● ENTRIES SUPPLIED:
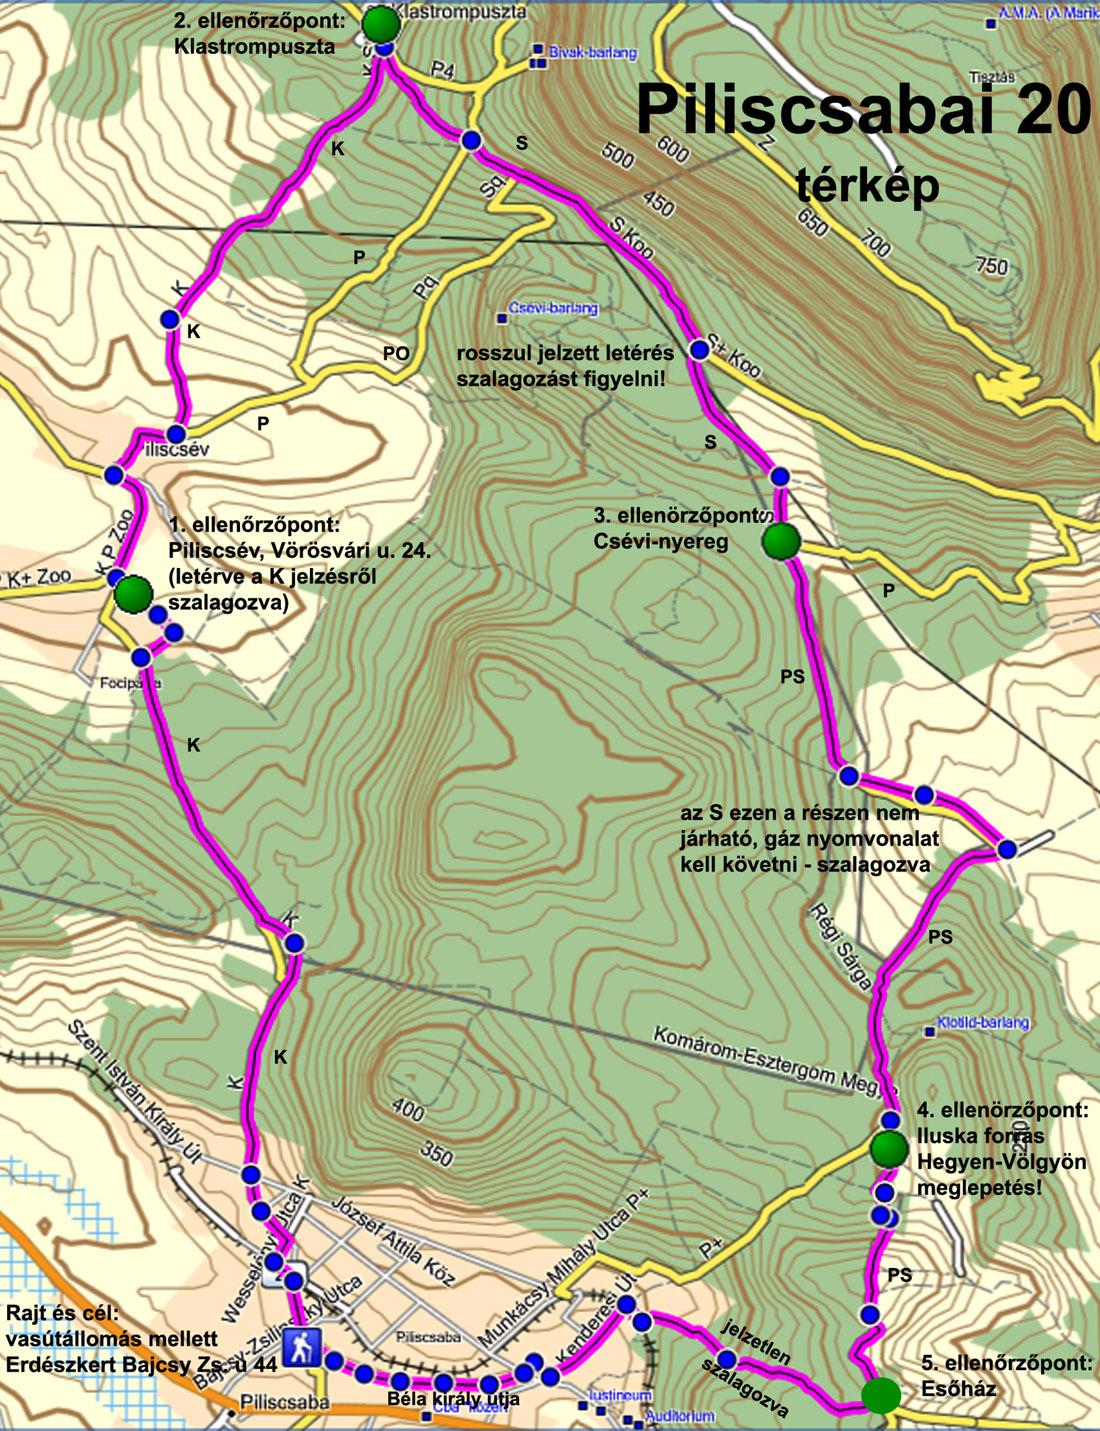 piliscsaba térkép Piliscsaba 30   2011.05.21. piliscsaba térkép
==
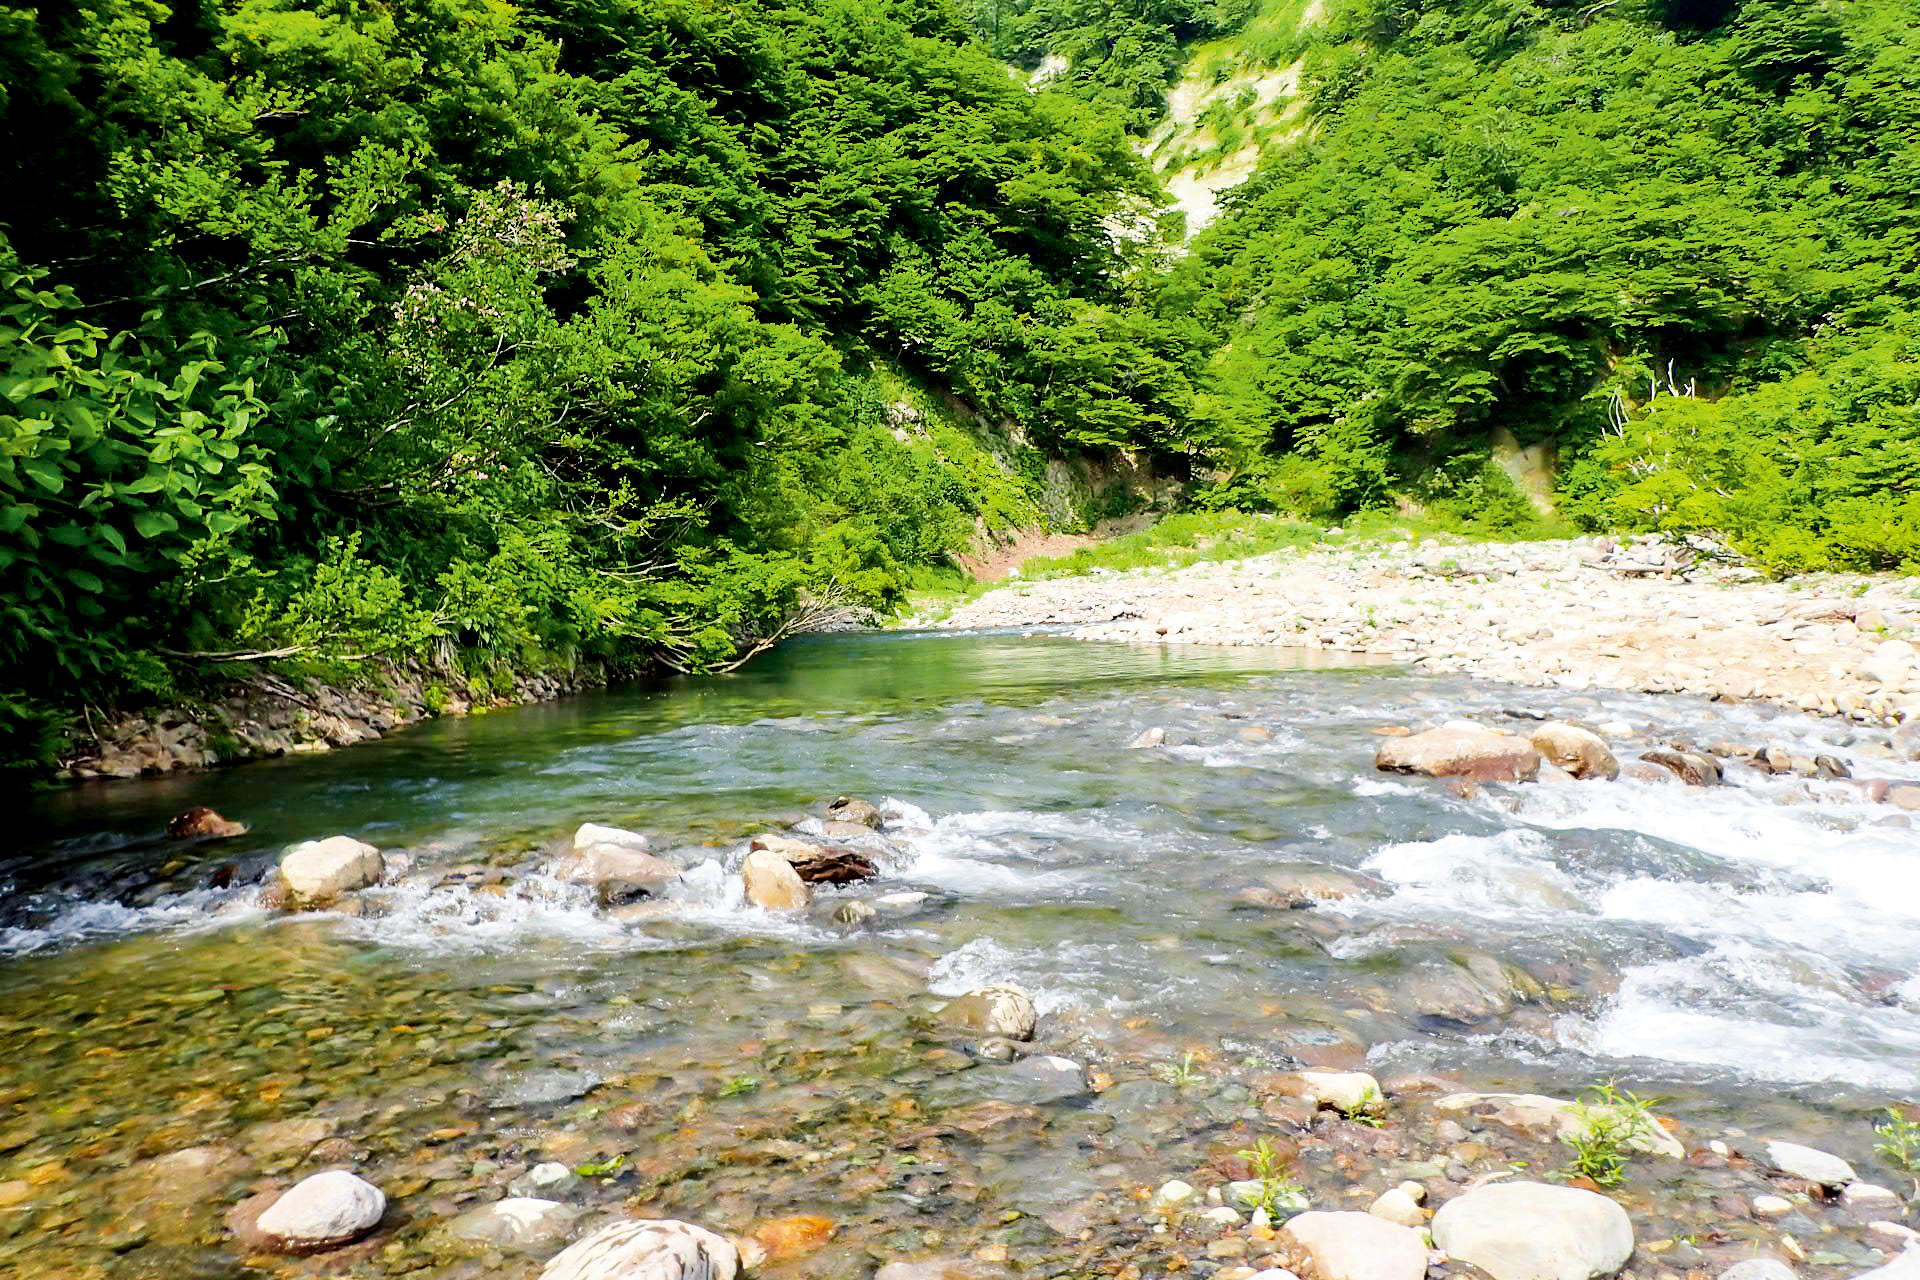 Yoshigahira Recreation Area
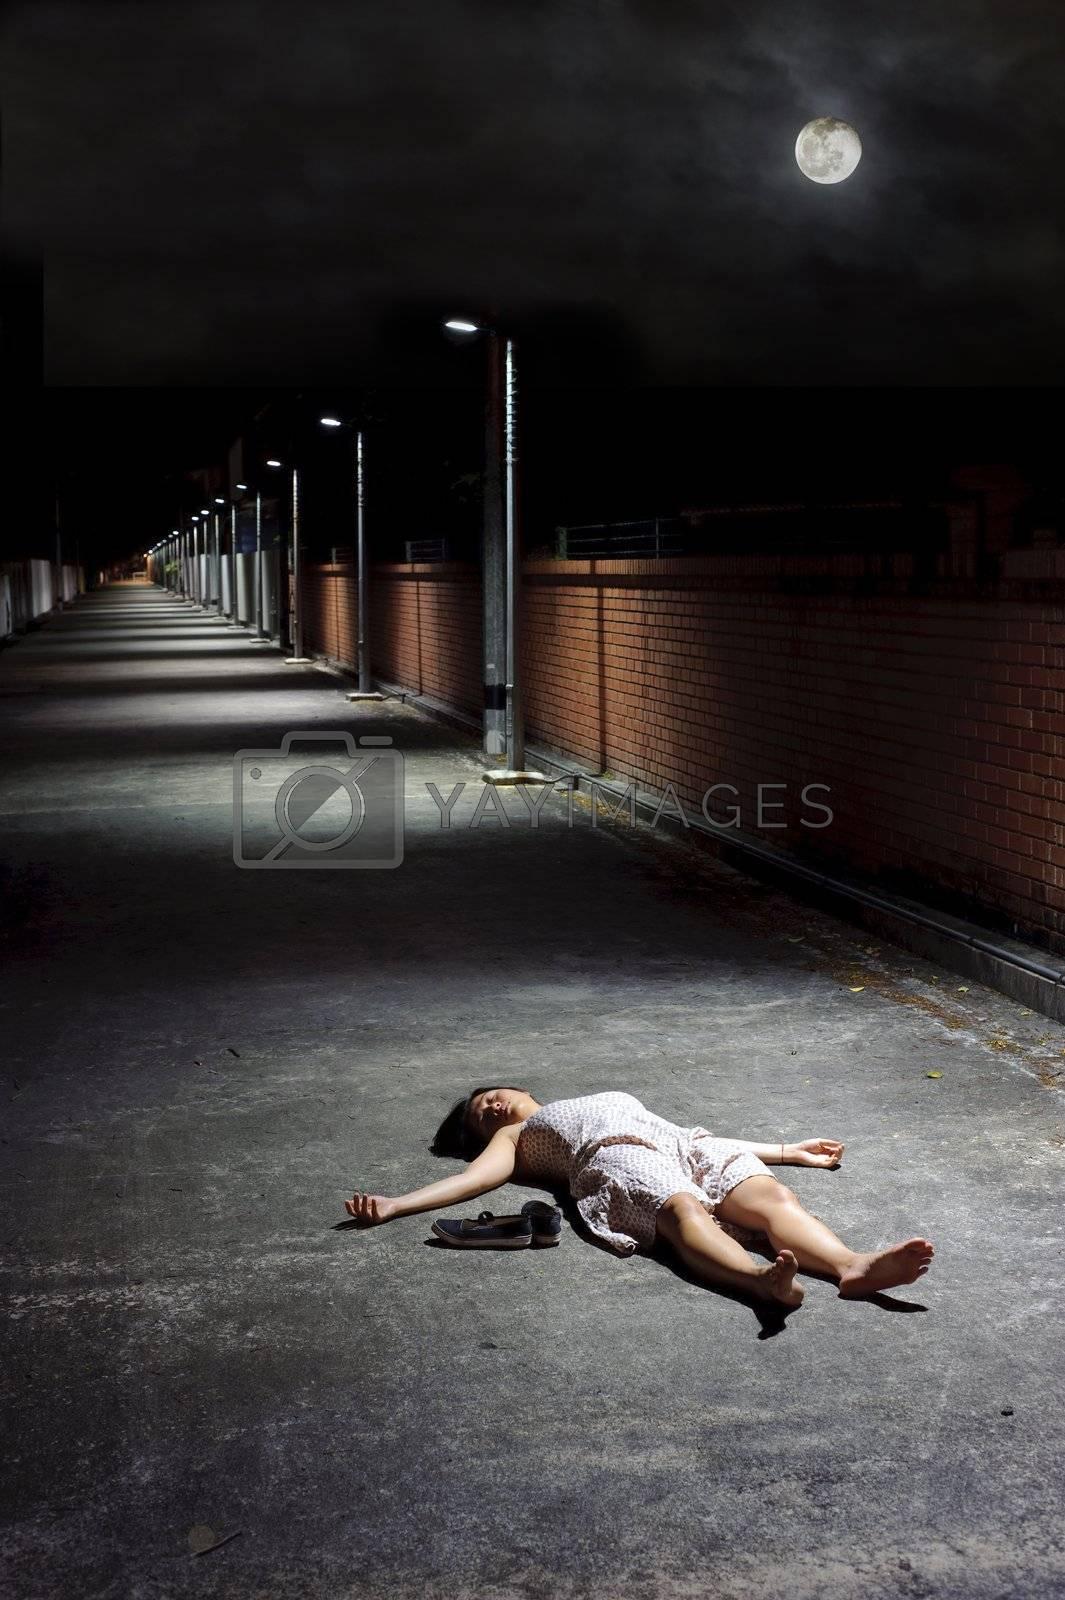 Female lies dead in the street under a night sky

● DESCRIPTION OF THE TASK: From the records above, return exactly the lines running from the one that contains "Yoshigahira Recreation Area" down to the one that contains "Female lies dead", both included, without any pictures.

● FINISHED EXERCISE:
 Yoshigahira Recreation Area
 Female lies dead in the street under a night sky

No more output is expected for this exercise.